[Date Prev][Date Next][Thread Prev][Thread Next][Date Index][Thread Index]

Re: Sharing state between subtasks


I think watermark / event-time skew is a problem that many users are
struggling with.
A built-in primitive to align event-time would be a great feature!

However, there are also some cases when it would be useful for different
streams to have diverging event-time, such as an interval join [1]
(DataStream API) or time-windowed join (SQL) that joins one stream will
events from another stream that happened 2 to 1 hour ago.
Granted, this is a very specific case and not the norm, but it might make
sense to have it in the back of our heads when designing this feature.

Best, Fabian


Am Di., 9. Okt. 2018 um 10:25 Uhr schrieb Aljoscha Krettek <

> Yes, I think this is the way to go.
> This would also go well with a redesign of the source interface that has
> been floated for a while now. I also created a prototype a while back:
> https://github.com/aljoscha/flink/tree/refactor-source-interface <
> https://github.com/aljoscha/flink/tree/refactor-source-interface>. Just
> as a refresher, the redesign aims at several things:
> 1. Make partitions/splits explicit in the interface. Currently, the fact
> that there are file splits or Kafka partitions or Kinesis shards is hidden
> in the source implementation while it would be beneficial for the system to
> know of these and to be able to track watermarks for them. Currently, there
> is a custom implementation for per-partition watermark tracking in the
> Kafka Consumer that this redesign would obviate.
> 2. Split split/partition/shard discovery from the reading part. This would
> allow rebalancing work and again makes the nature of sources more explicit
> in the interfaces.
> 3. Go away from the push model to a pull model. The problem with the
> current source interface is that the source controls the read-loop and has
> to get the checkpoint lock for emitting elements/updating state.
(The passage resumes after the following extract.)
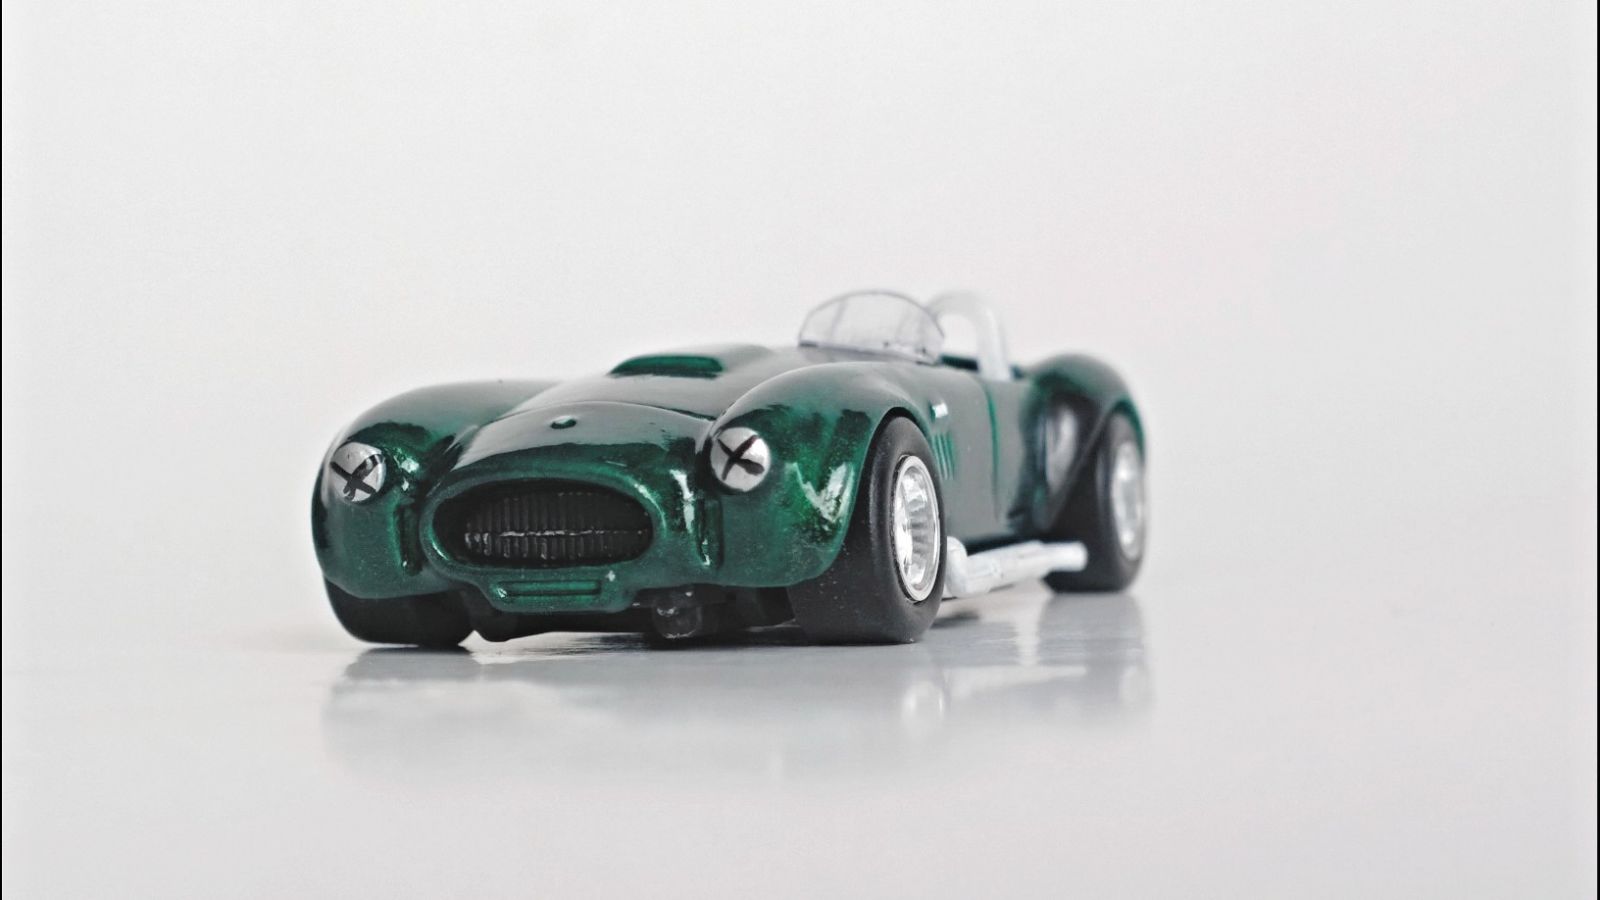 Illustration for article titled CUSTOM AC Cobra completed!!!

If we get
> the loop out of the source this leaves more potential for Flink to be
> clever about reading from sources.
> The prototype posted above defines three new interfaces: Source,
> SplitEnumerator, and SplitReader, along with a naive example and a working
> Kafka Consumer (with checkpointing, actually).
> If we had this source interface, along with a service for propagating
> watermark information the code that reads form the splits could
> de-prioritise certain splits and we would get the event-time alignment
> behaviour for all sources that are implemented using the new interface
> without requiring special code in each source implementation.
> @Elias Do you know if Kafka Consumers do this alignment across multiple
> consumers or only within one Consumer across the partitions that it reads
> from.
> > On 9. Oct 2018, at 00:55, Elias Levy <fearsome.lucidity@xxxxxxxxx>
> wrote:
> >
> > Kafka Streams handles this problem, time alignment, by processing records
> > from the partitions with the lowest timestamp in a best effort basis.
> > See KIP-353 for the details.  The same could be done within the Kafka
> > source and multiple input stream operators.  I opened FLINK-4558
> > <https://issues.apache.org/jira/browse/FLINK-4558> a while ago regarding
> > this topic.
> >
> > On Mon, Oct 8, 2018 at 3:41 PM Jamie Grier <jgrier@xxxxxxxx.invalid>
> wrote:
> >
> >> I'd be very curious to hear others' thoughts on this..  I would expect
> many
> >> people to have run into similar issues.  I also wonder if anybody has
> >> already been working on similar issues.  It seems there is room for some
> >> core Flink changes to address this as well and I'm guessing people have
> >> already thought about it.
> >>